## WHAT YOU ARE ASKED TO DO
Everything from the line with "Radon Potential Map of BC." through the final line of the listing below must be retyped exactly, apart from the pictures.

## PROVIDED DATA
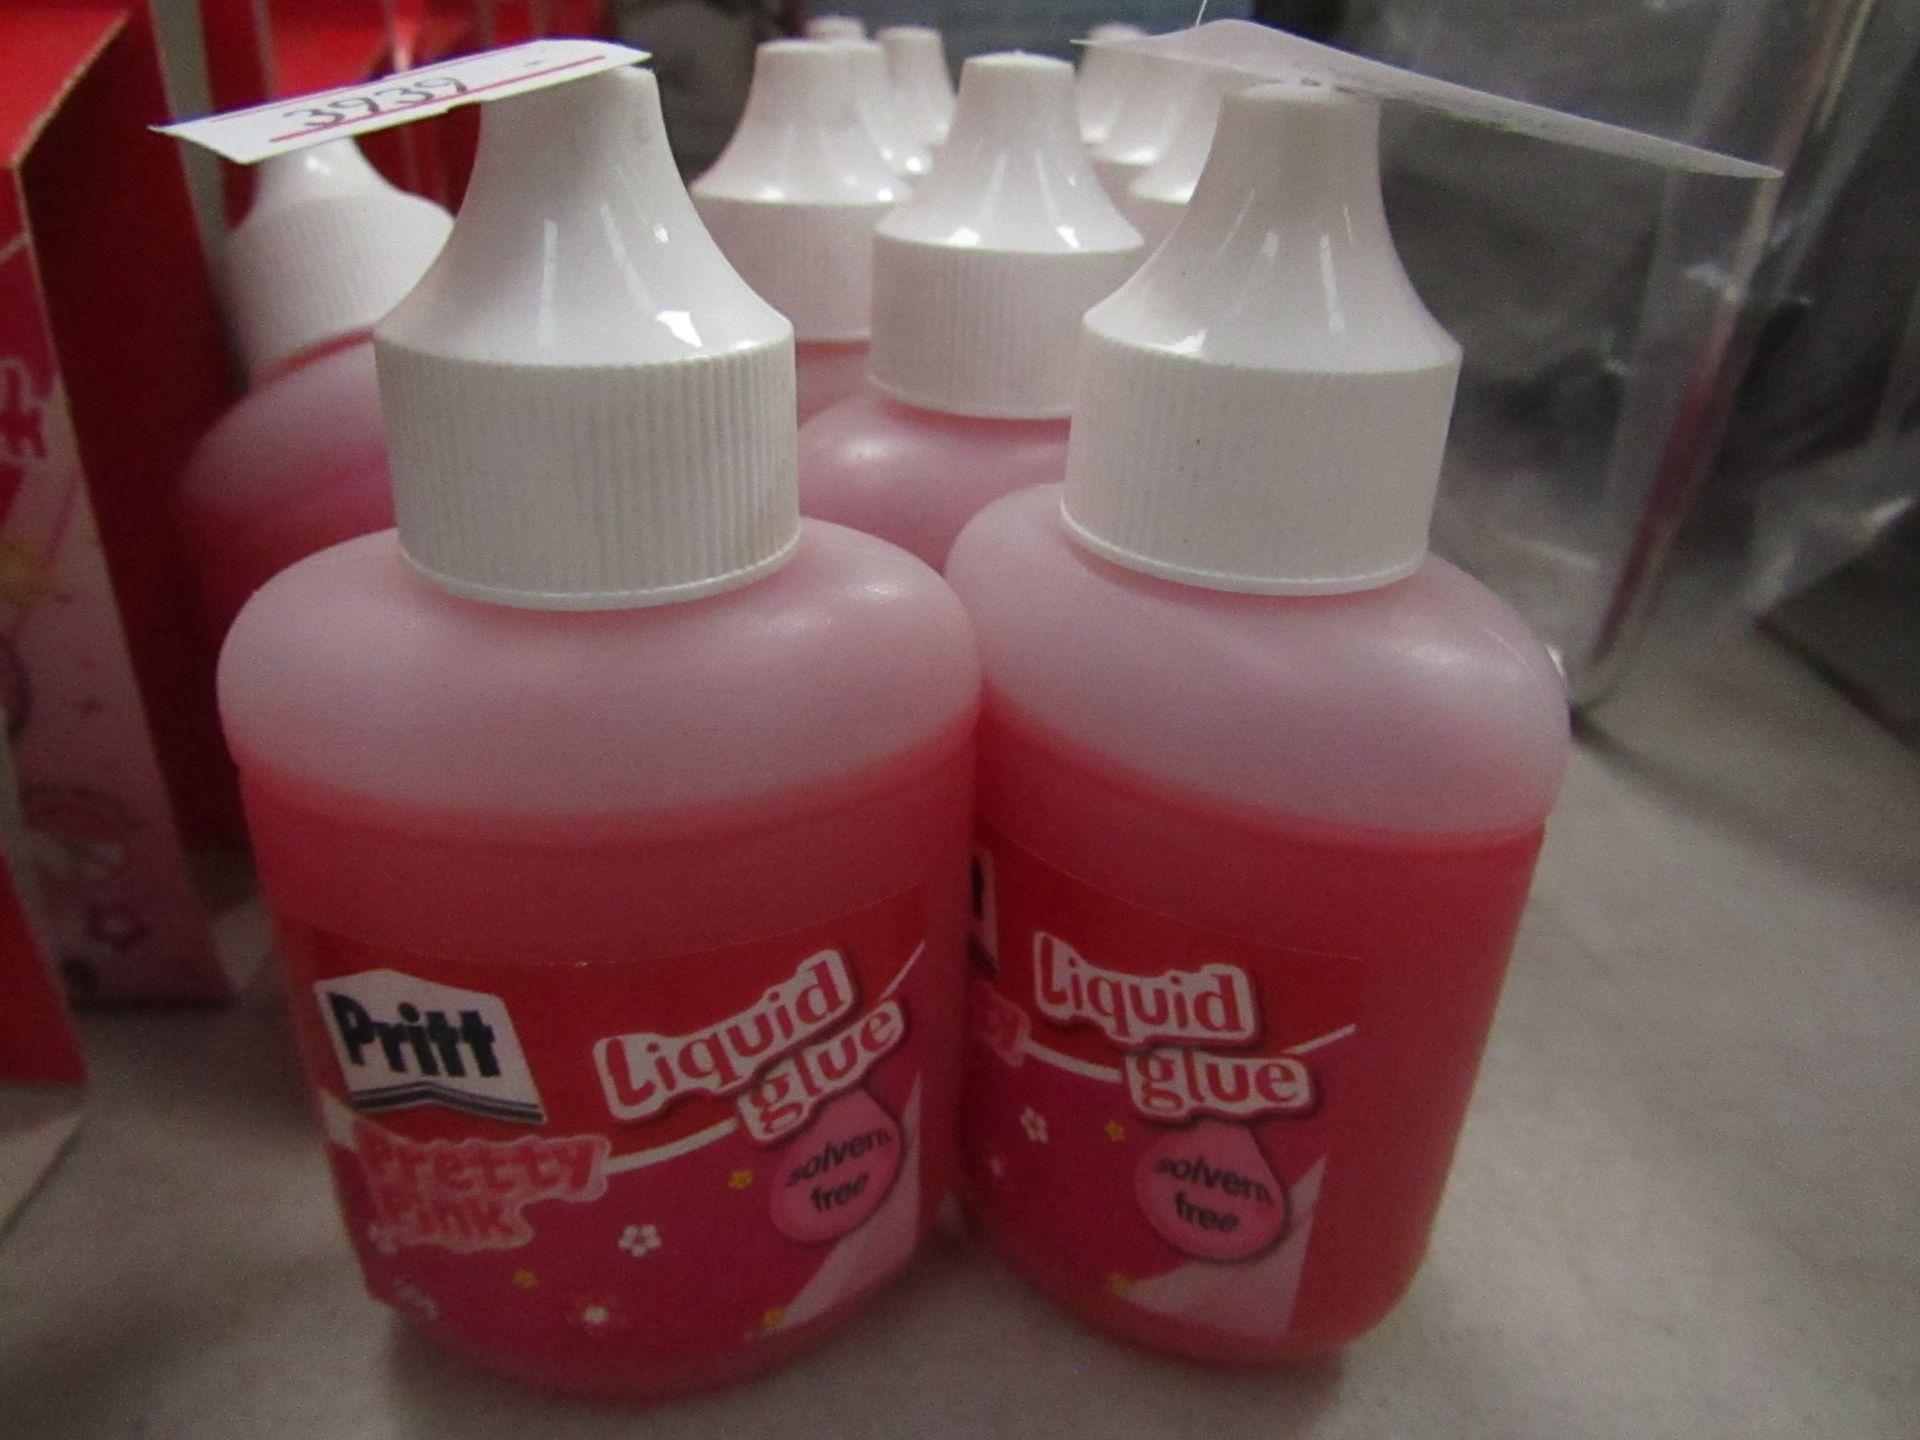 12x Pritt - Pretty Pink Liquid Glue 50g Tubes - Unused.
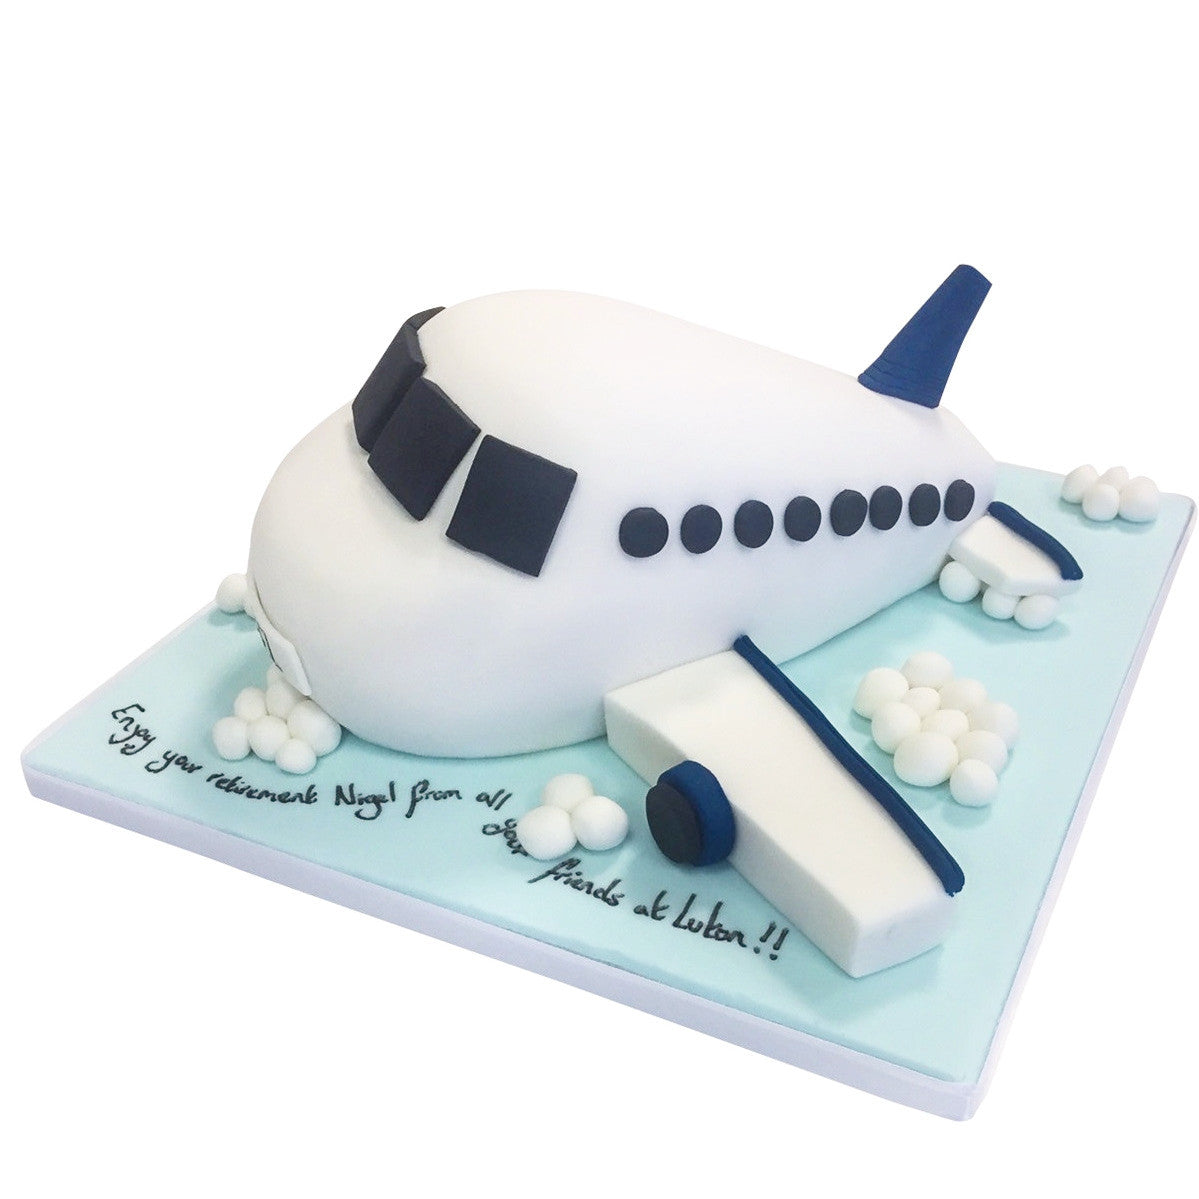 OGGYS CAKES - Remote control plane birthday cake | Facebook
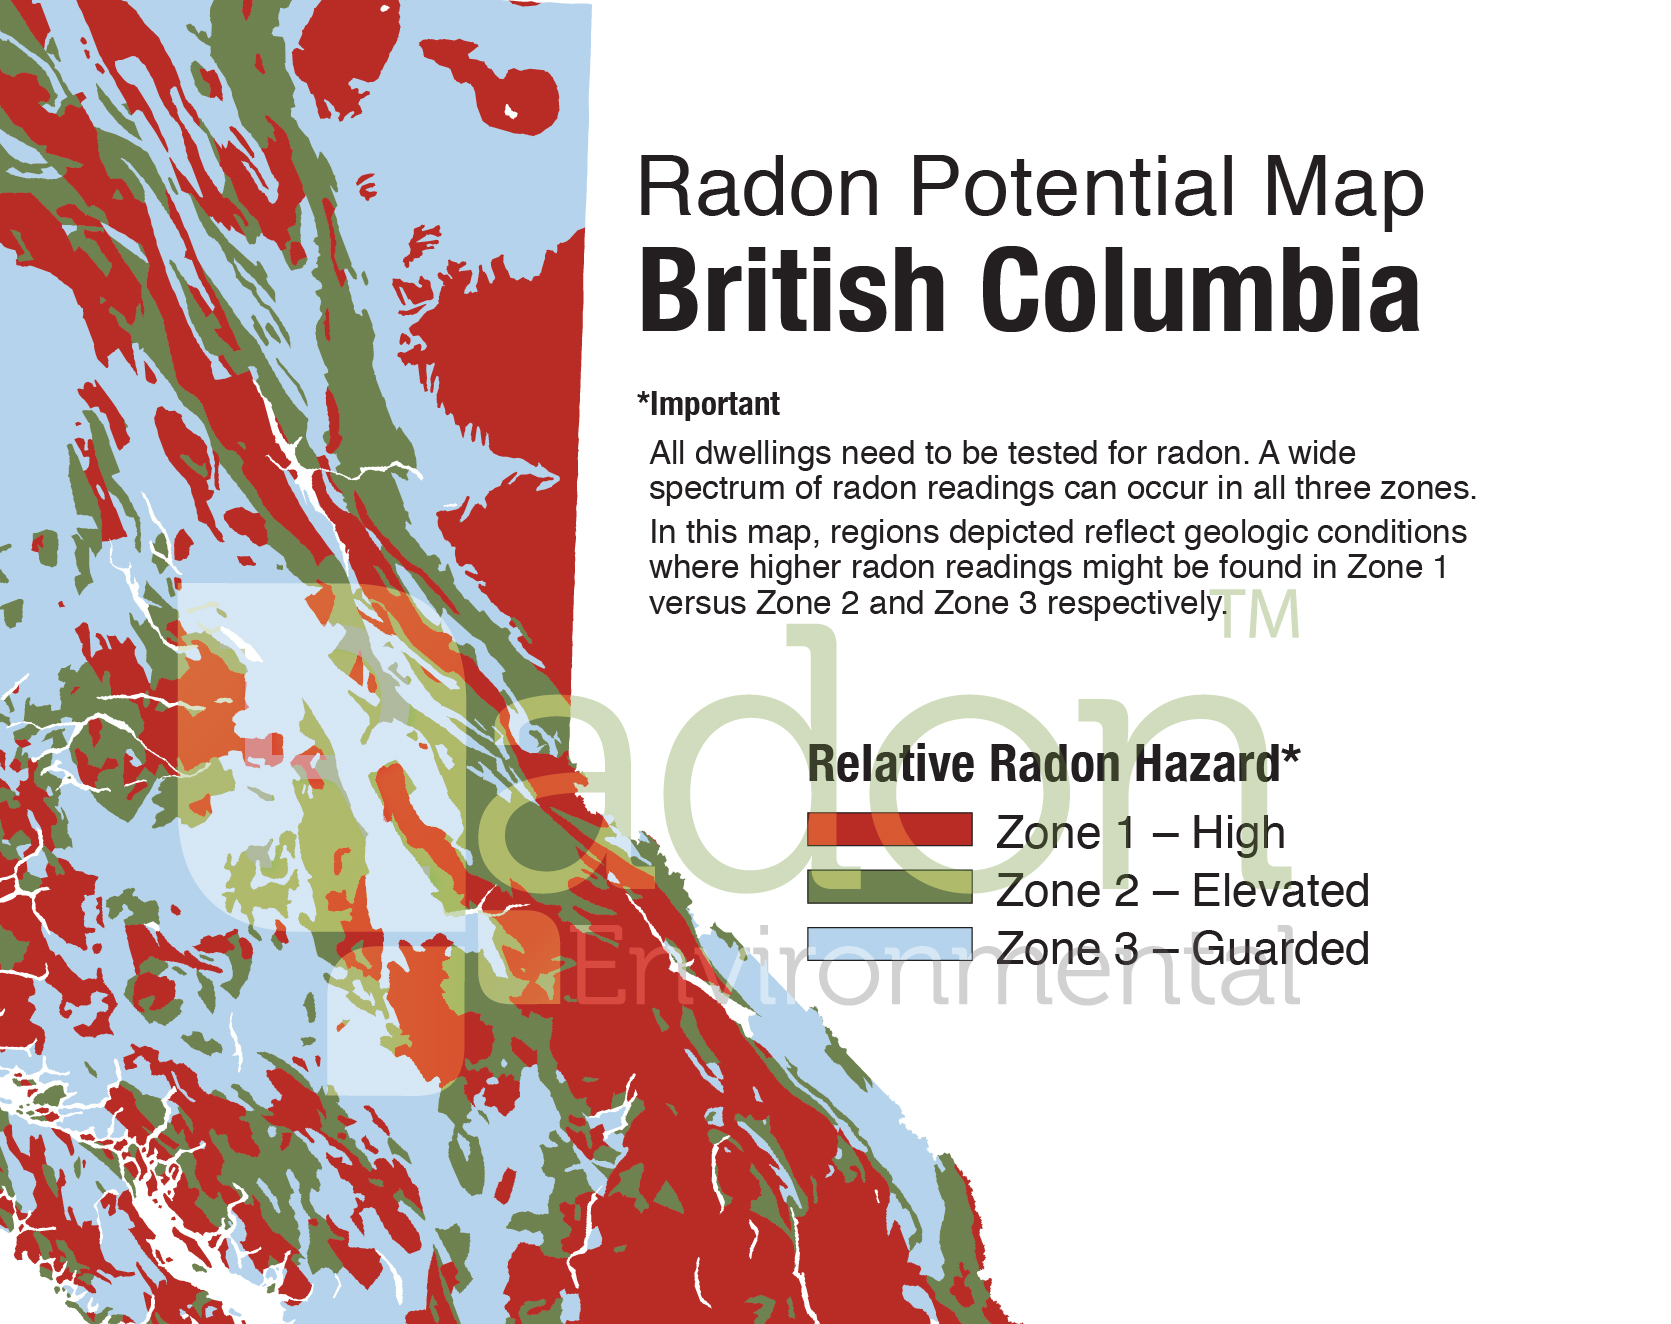 Radon Potential Map of BC.
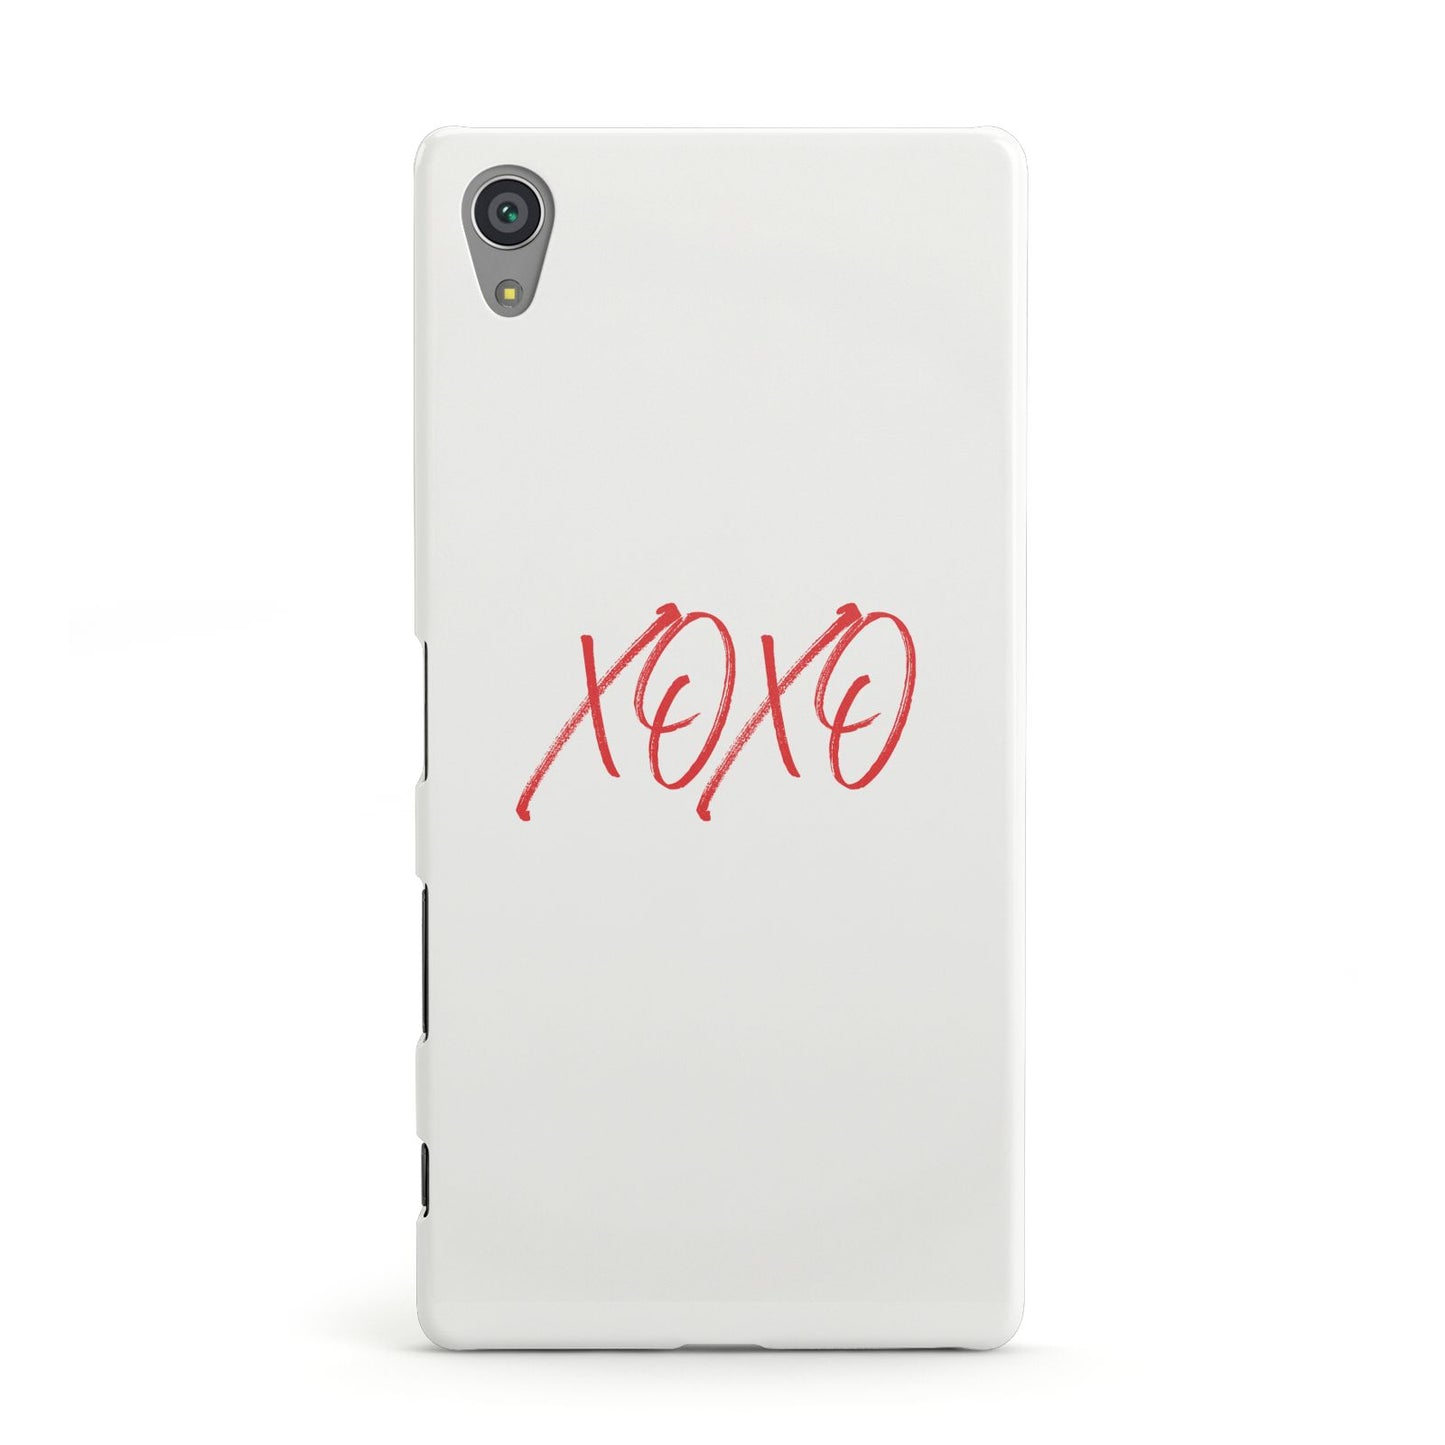 I love you like xo Sony Xperia Case

## ANSWER SECTION
 Radon Potential Map of BC.
 I love you like xo Sony Xperia Case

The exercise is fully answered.